Bennett College was still short of its $5 million goal as its self-imposed deadline approached. The college extended its deadline. Fortunately, in early February, president Phyllis Dawkin announced that Bennett had raised $8.2 million from over 11,000 donors including an additional $500,000 from the Z. Smith Reynolds Foundation.

Is this good news? Of course. But did the process really have to be so nerve-wracking?

As Harris noted, Papa John’s, a multi-billion-dollar company, “could have donated $5 million” to Bennett, allowing the college to hit its goal with the stroke of a pen. “The rest of the funds raised by the college could have been put away in a rainy-day fund—or built into the school’s endowment.”

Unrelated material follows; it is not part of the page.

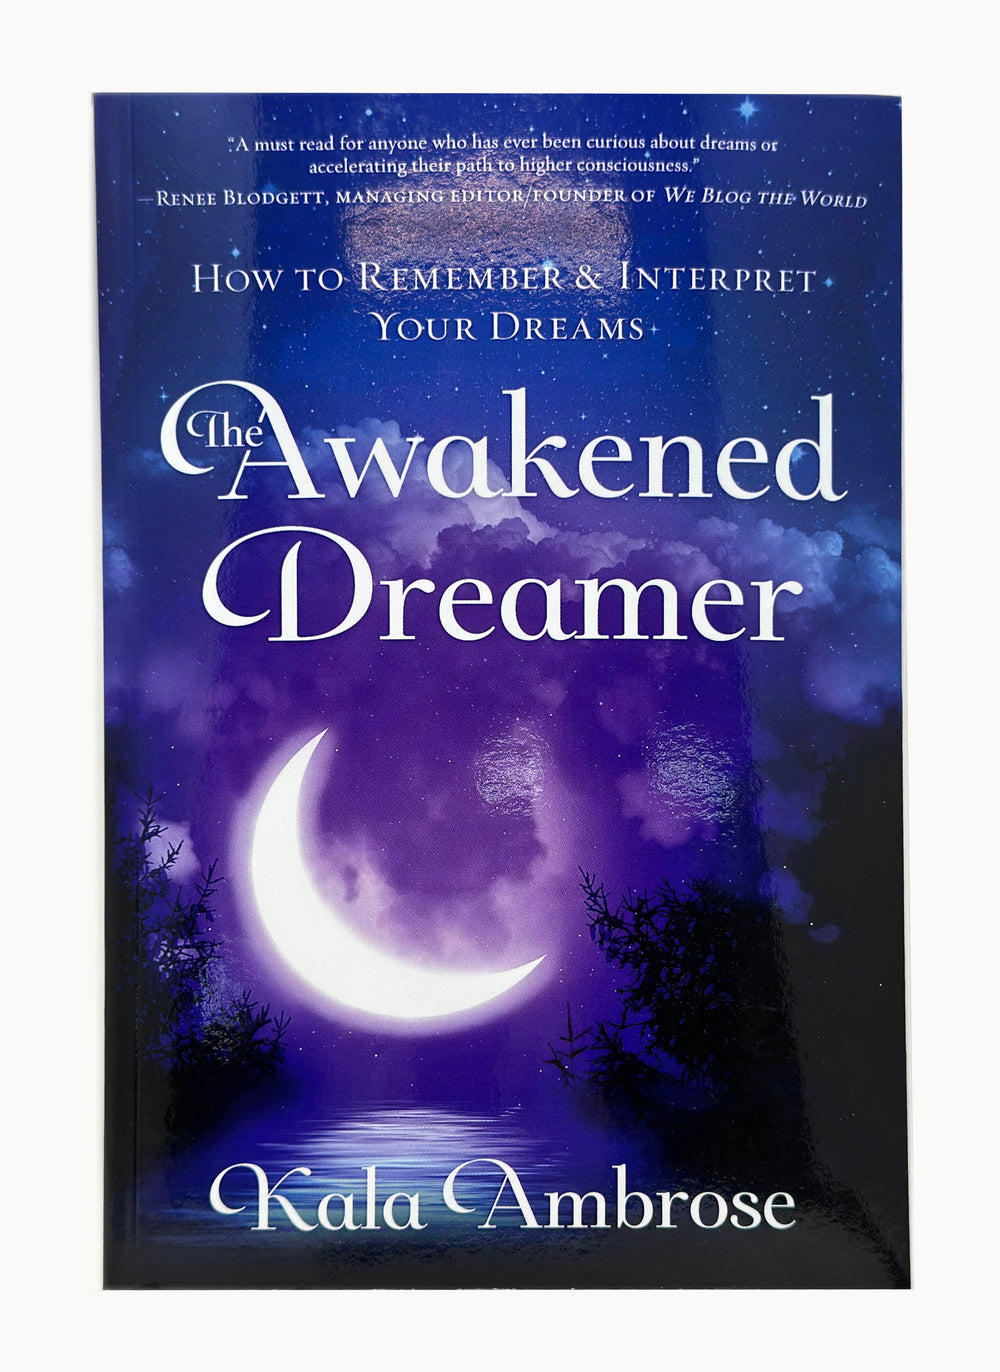 The Awakened Dreamer

Similarly, J.L. Carter Sr., writing in HBCU Digest, asked, “Why is bailing out HBCUs a more attractive ask then building them?” Carter continued:

Bennett deserves support today as it did 10 years ago, and Simmons deserves a chance to thrive. But they don’t deserve to be the targets of ill-timed or opportunistic philanthropy when their very existence depends on it. HBCUs which aren’t on the verge of closure do not deserve to be taunted by major gifts which, if they had received them, actually could have generated more of a return on investment than paying off debts and keeping lights on.

Or consider the fact that the largest gift to Bennett’s campaign—a relatively meager $1 million in the grand scheme of things—didn’t come from an equity-focused alumnus, donor or foundation, but High Point University, a neighboring private liberal arts college.

“High Point University is connected with the United Methodist Church; Bennett College is connected with the United Methodist Church,” said High Point University President Nido Qubein. “We care deeply that this is one of two HBCUs for women in America, and therefore we wanted to step up."